WILDLIFE CORRIDORS

Definitions

• Ecological connectivity is the unimpeded movement of species and the flow of natural processes that sustain life on Earth.
• "the action of individuals, communities, institutions, and businesses to maintain, enhance, and restore ecological flows, species movement, and dynamic processes across intact and fragmented environments."
• An ecological network for conservation is a system of core habitats (protected areas, OECMs and other intact natural areas), connected by ecological corridors, which is established, restored as needed and maintained to conserve biological diversity in systems that have been fragmented.
• They have a vertical dimension - wind turbines, fishing gear (e.g. drift nets), subsurface use rights, and lateral connectivity, for example between a river channel and an adjacent floodplains
• Illustration (technically on climate change but just to show how creatures move like blood https://blog.nature.org/science/2016/08/19/migration-in-motion-visualizing-species-movements-due-to-climate-change/)
• My piece on connectivity, salmon and migration: http://www.alexafirmenich.com/sustainability/our-planets-blood.html

Why

• Animals need to move.

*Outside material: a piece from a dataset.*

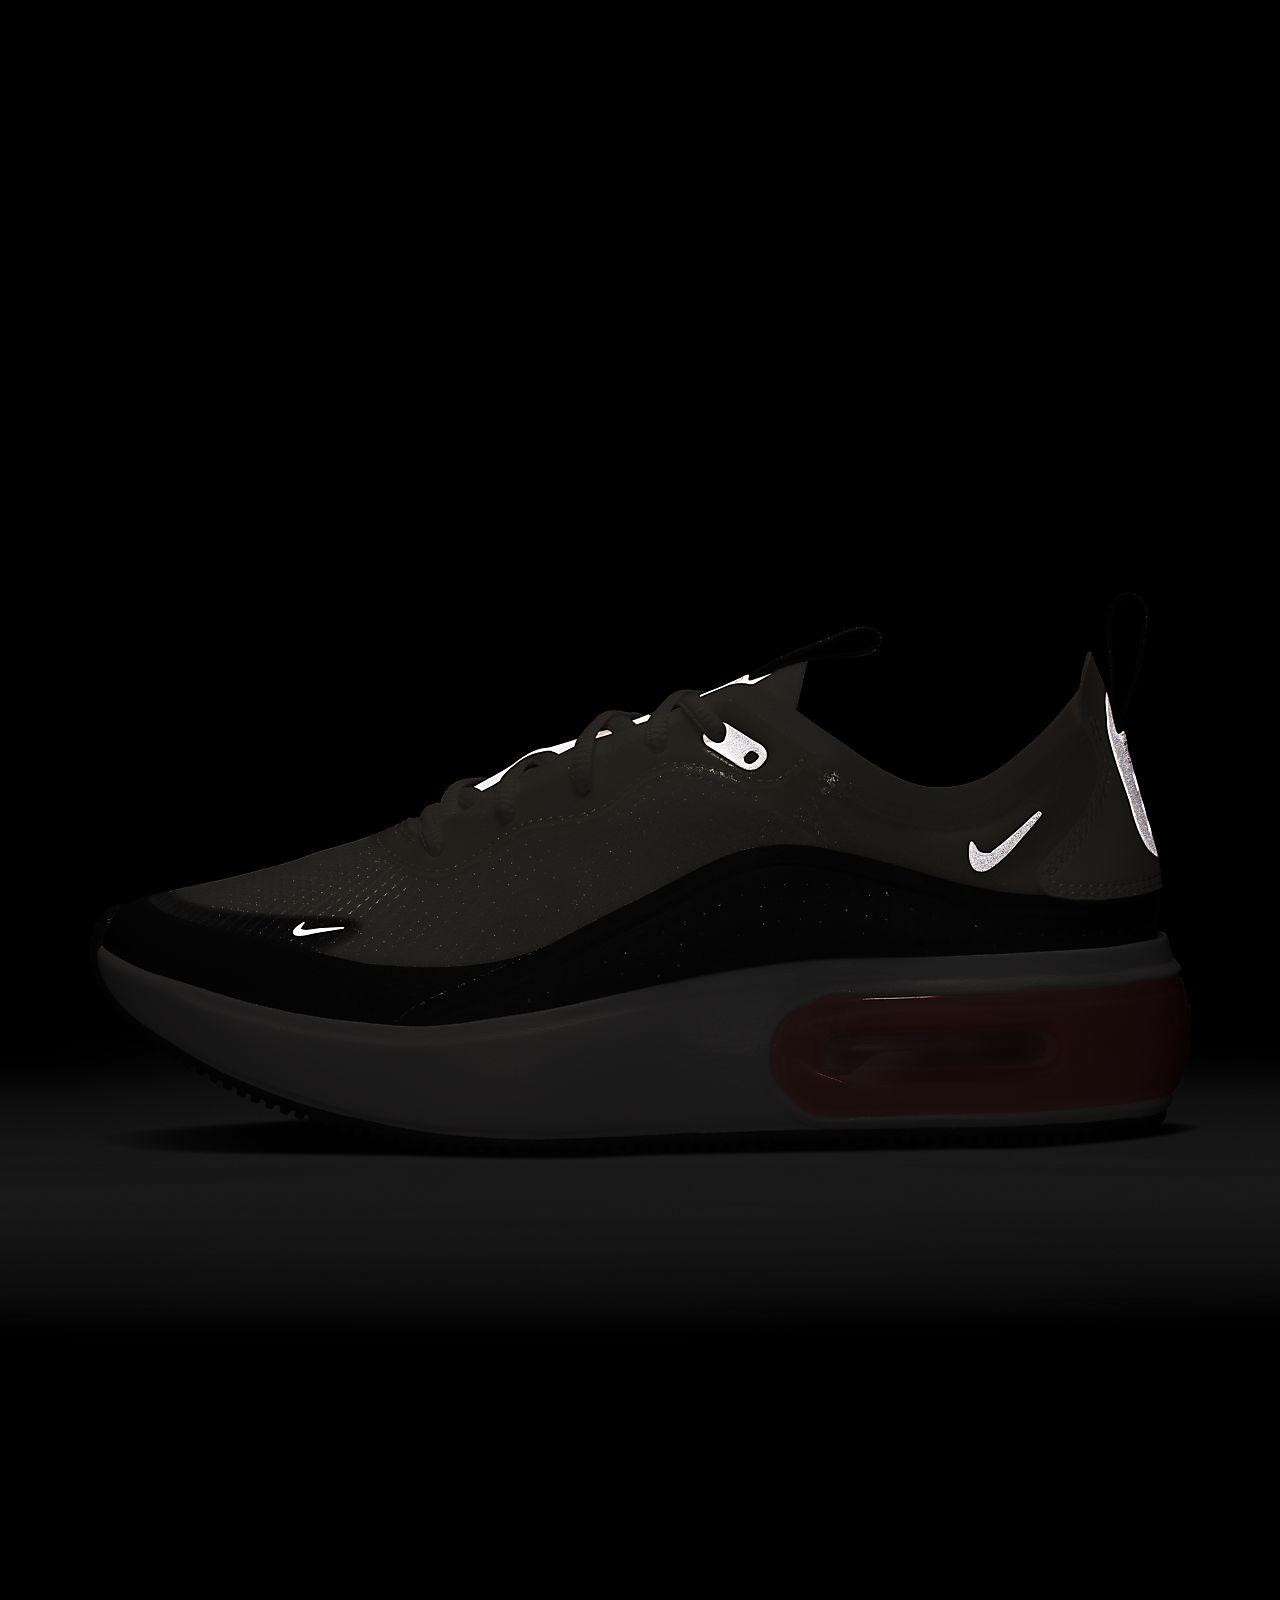 check out b3409 4c2b4 ... Nike Air Max Dia SE Shoe

By doing so they shape and maintain the landscapes in which they live. The life cycles of many organisms require movement.
• Migratory species transport seeds, pollinate plants, and control pests. They also help shape the cultural identities of the people who live in these landscapes, mobile peoples, who need connected systems to maintain traditional livelihoods.
• Ecological corridors are also important to facilitate dispersal that ensures genetic diversity and permits recolonisation in areas where populations have gone extinct. These corridors can help increase populations’ resilience to large-scale natural disturbances.

How

• Connectivity, to a large degree, is dependent on how well individuals can disperse. Dispersal, in turn, is dependent in part on body size. Several studies have shown that dispersal distance is related to body size for reptiles, amphibians, birds, and mammals. This scaling relationship between morphology and behavior – called allometry – has potential for predicting connectivity of not just single species, but entire communities.

Challenges

• Human-wildlife conflict is a considerable challenge, and developing deeper understanding behind the drivers and patterns of conflict can be useful for prevention, mitigation, and management strategies. Moreover, to make sure connectivity and corridor planning are as successful as possible, it is necessary to consider potential impacts on the people that live in areas where they share the landscape with wildlife.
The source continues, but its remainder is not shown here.